THE TASK. Using the data below, output a verbatim copy of the lines between the one holding "salvador, bahia /" and the one holding "Super Pot - Homebody", inclusive, without any pictures.

DATA RECORDS.

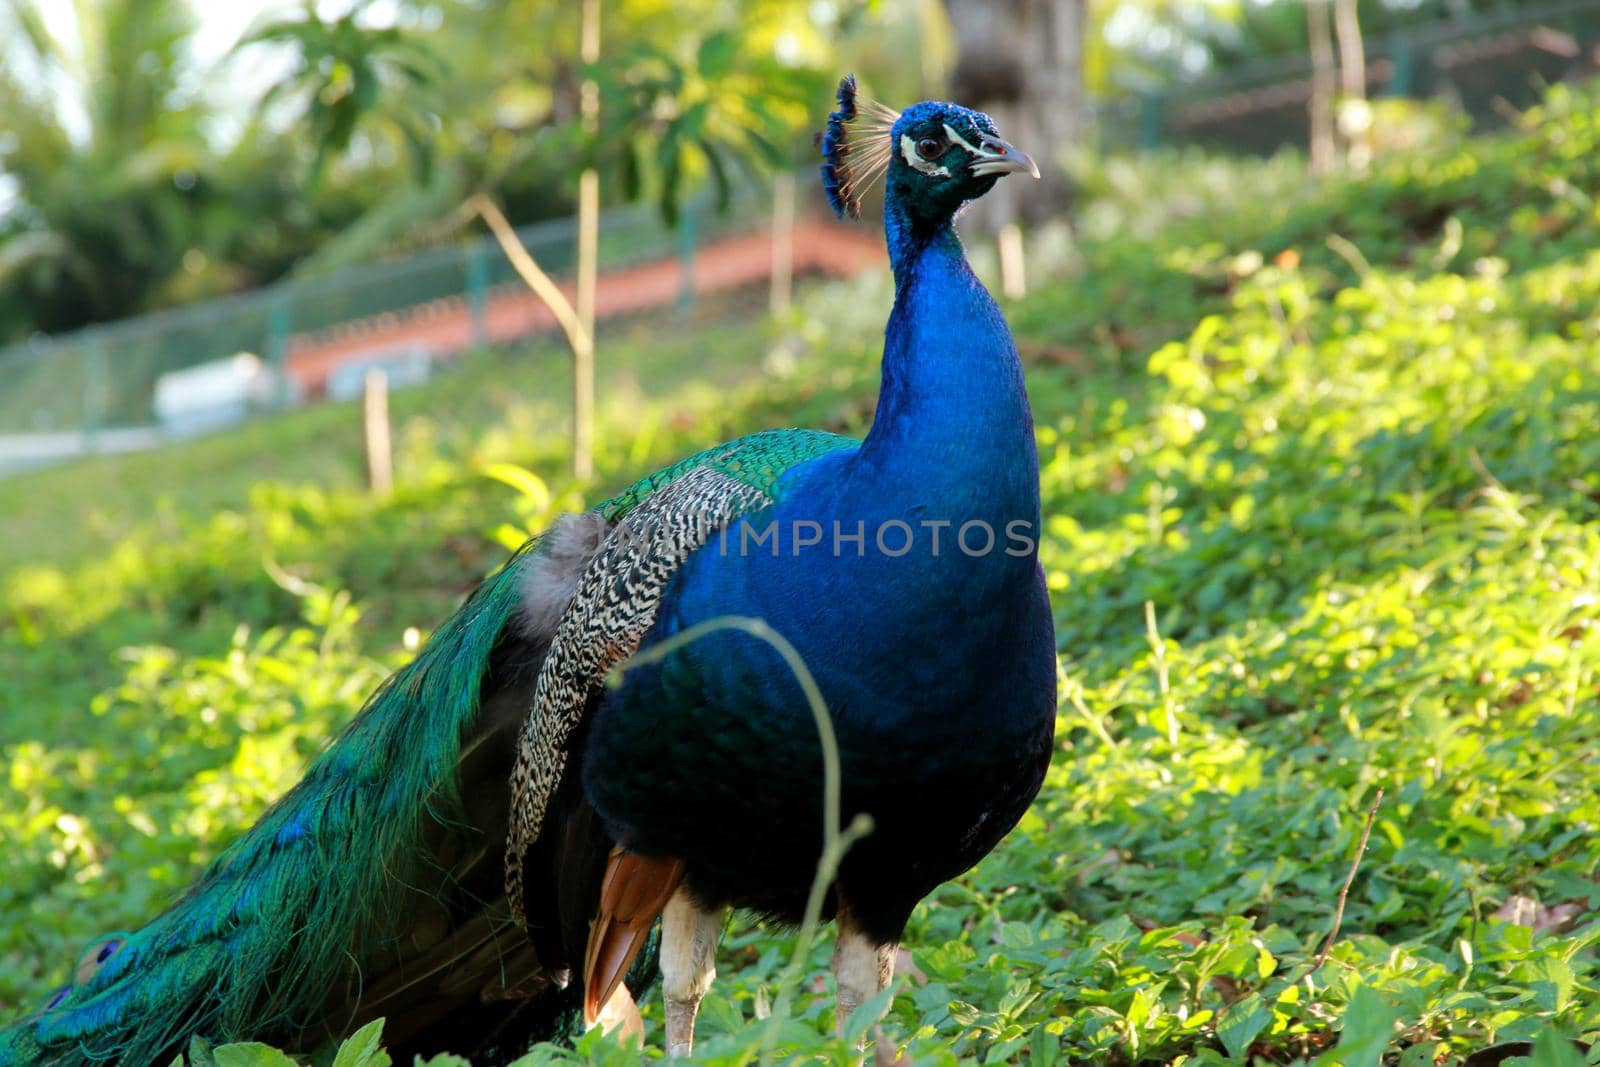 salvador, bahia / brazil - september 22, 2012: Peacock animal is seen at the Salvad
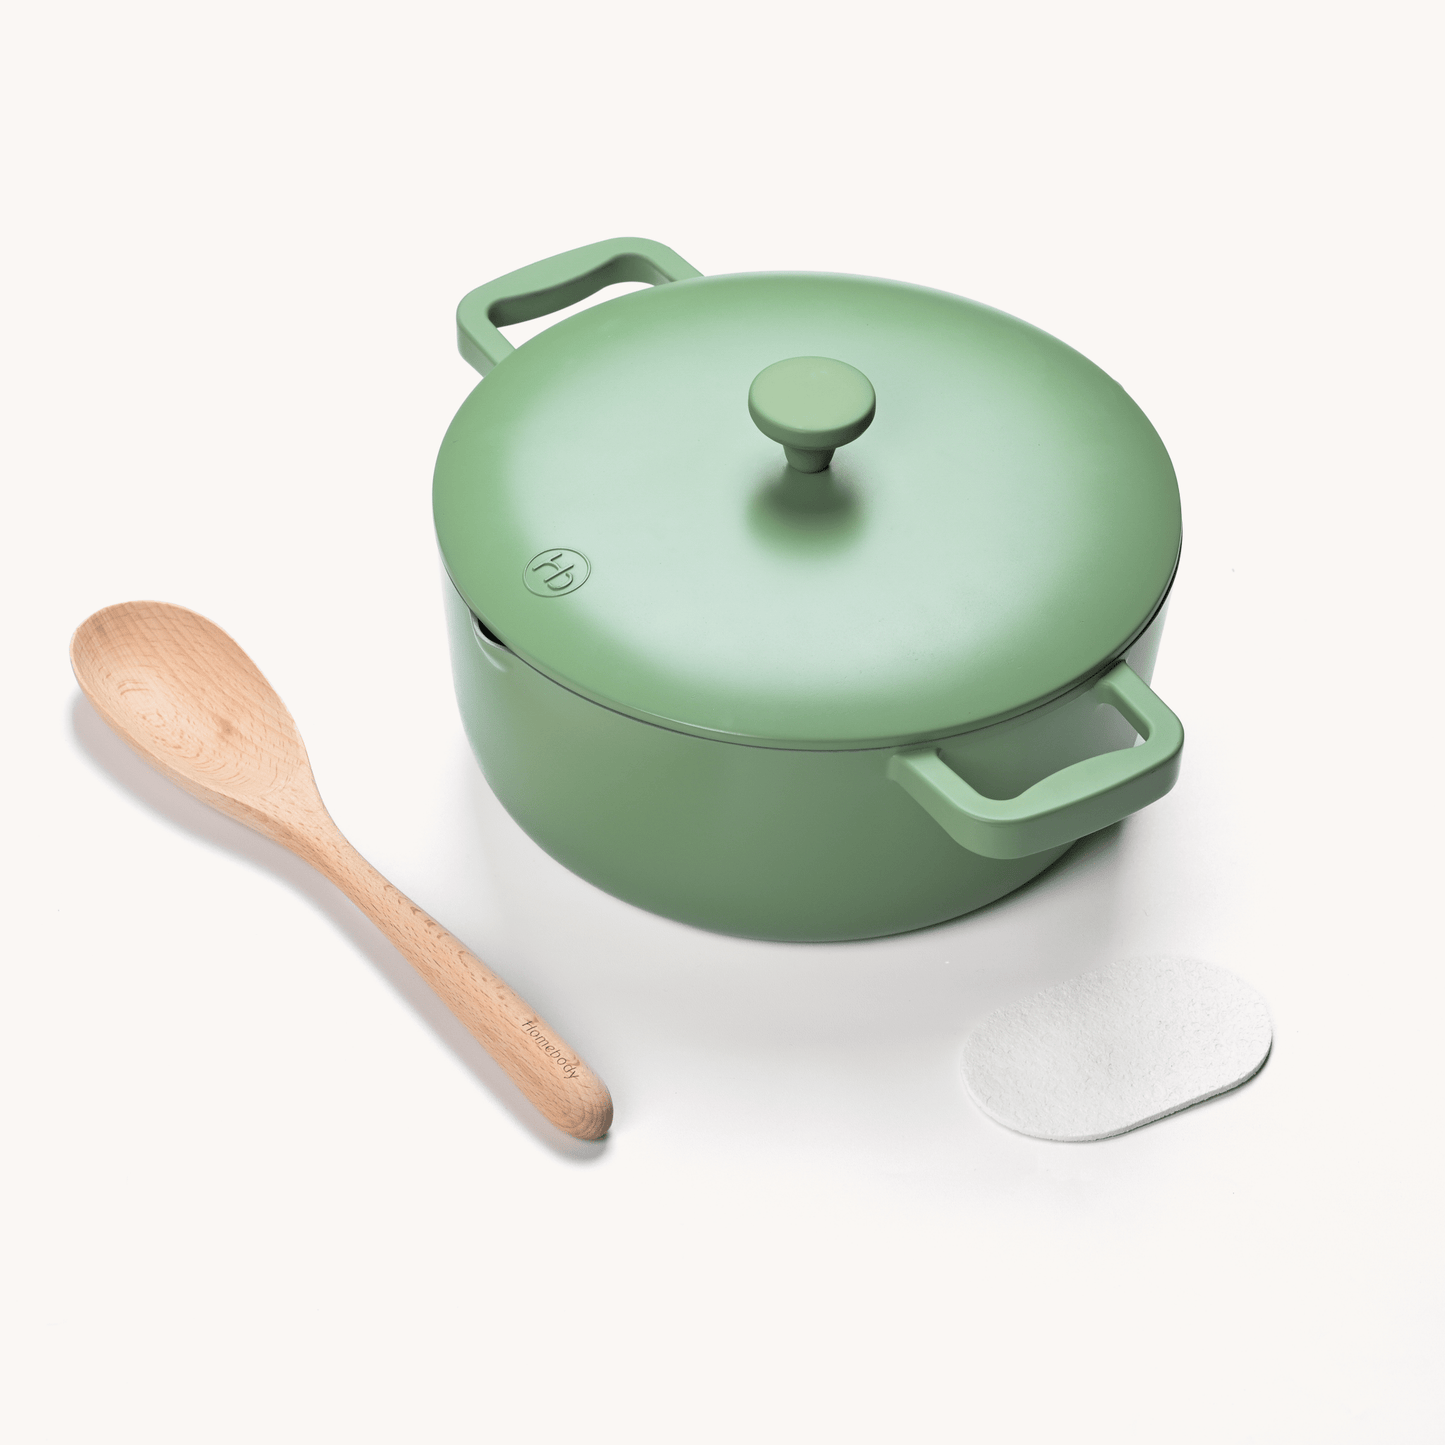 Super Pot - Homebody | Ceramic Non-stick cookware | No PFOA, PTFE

* * *

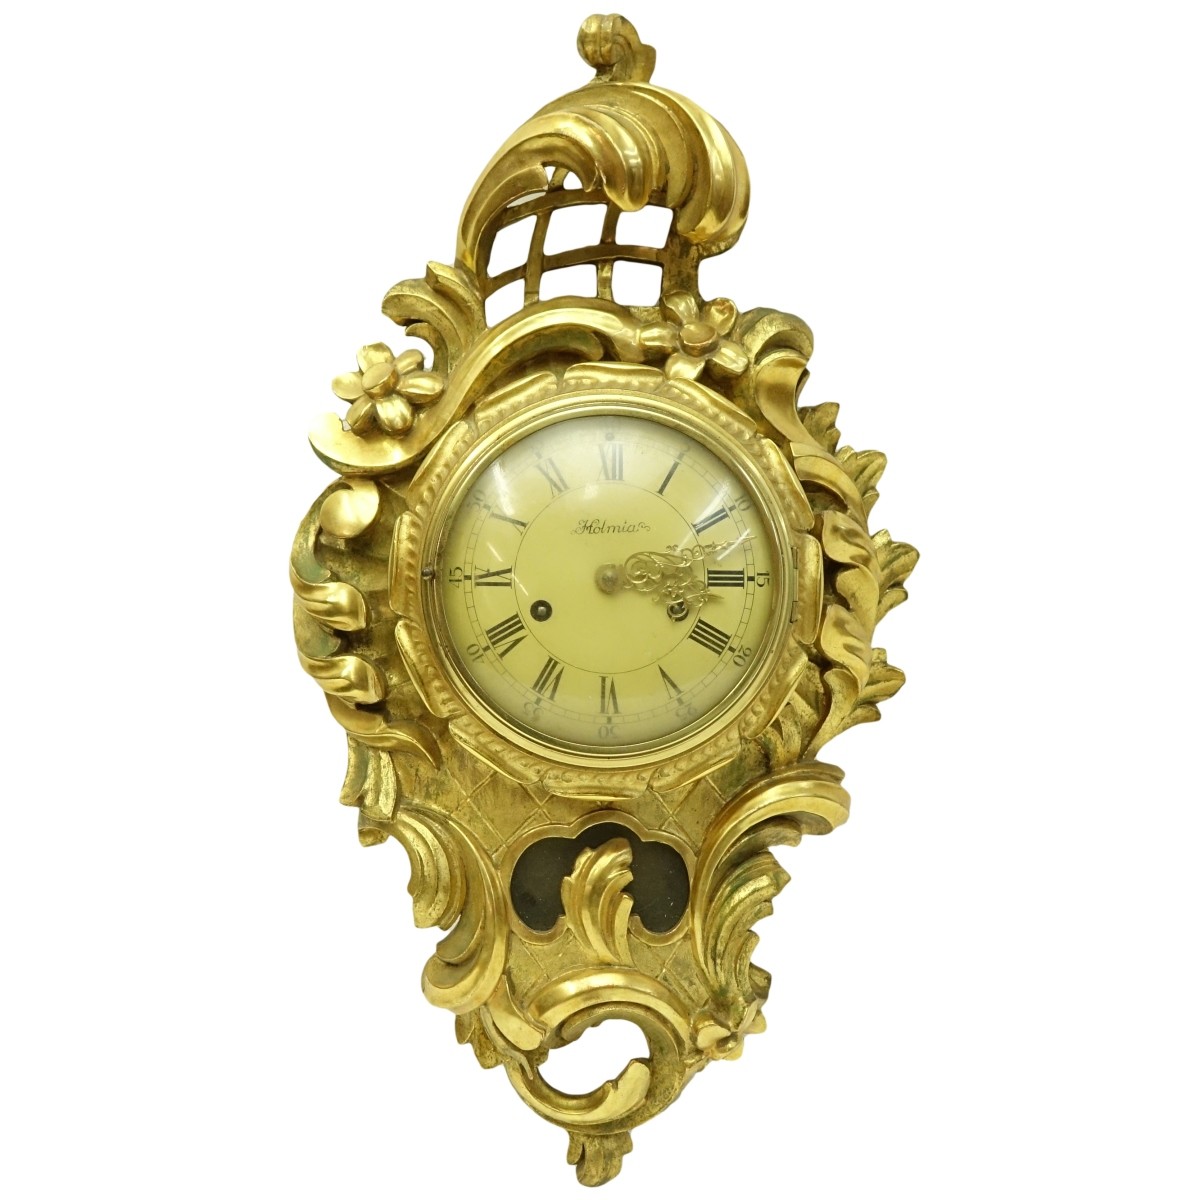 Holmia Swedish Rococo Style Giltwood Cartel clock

---

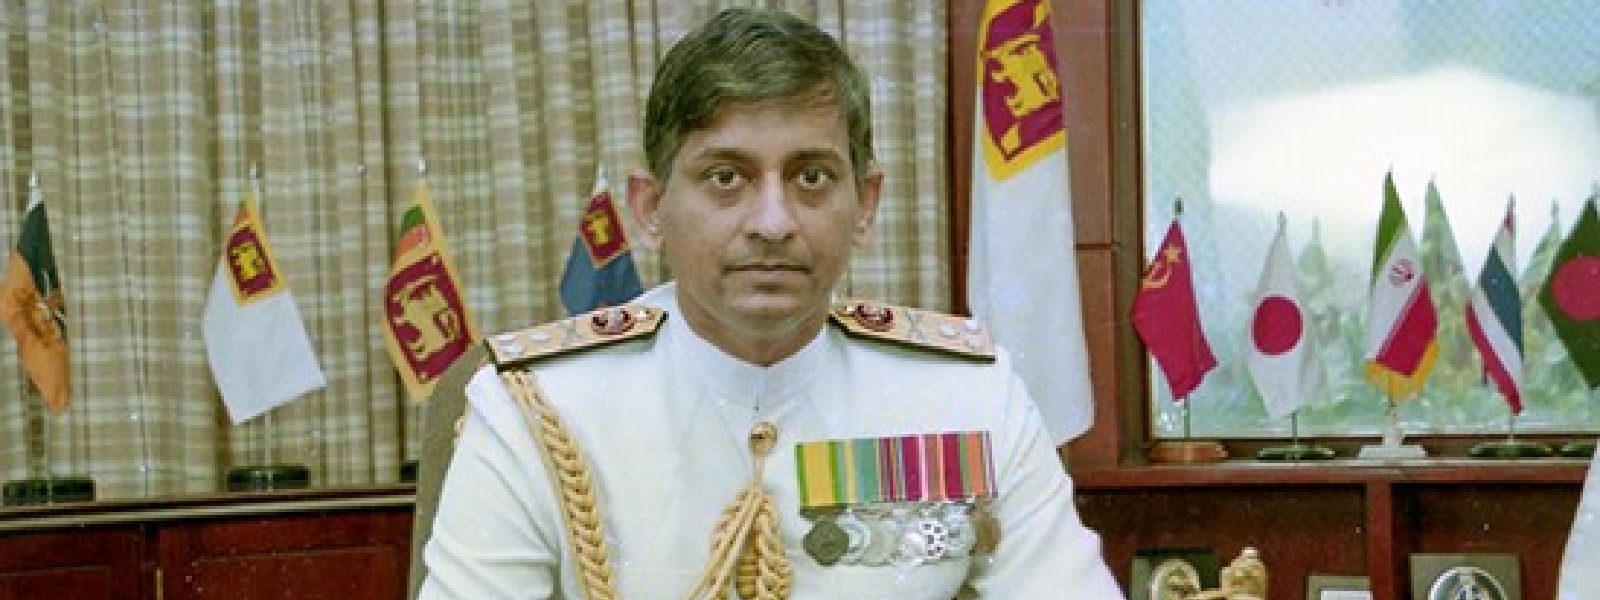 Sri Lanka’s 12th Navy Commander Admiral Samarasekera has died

RESPONSE AREA.
 salvador, bahia / brazil - september 22, 2012: Peacock animal is seen at the Salvad
 Super Pot - Homebody | Ceramic Non-stick cookware | No PFOA, PTFE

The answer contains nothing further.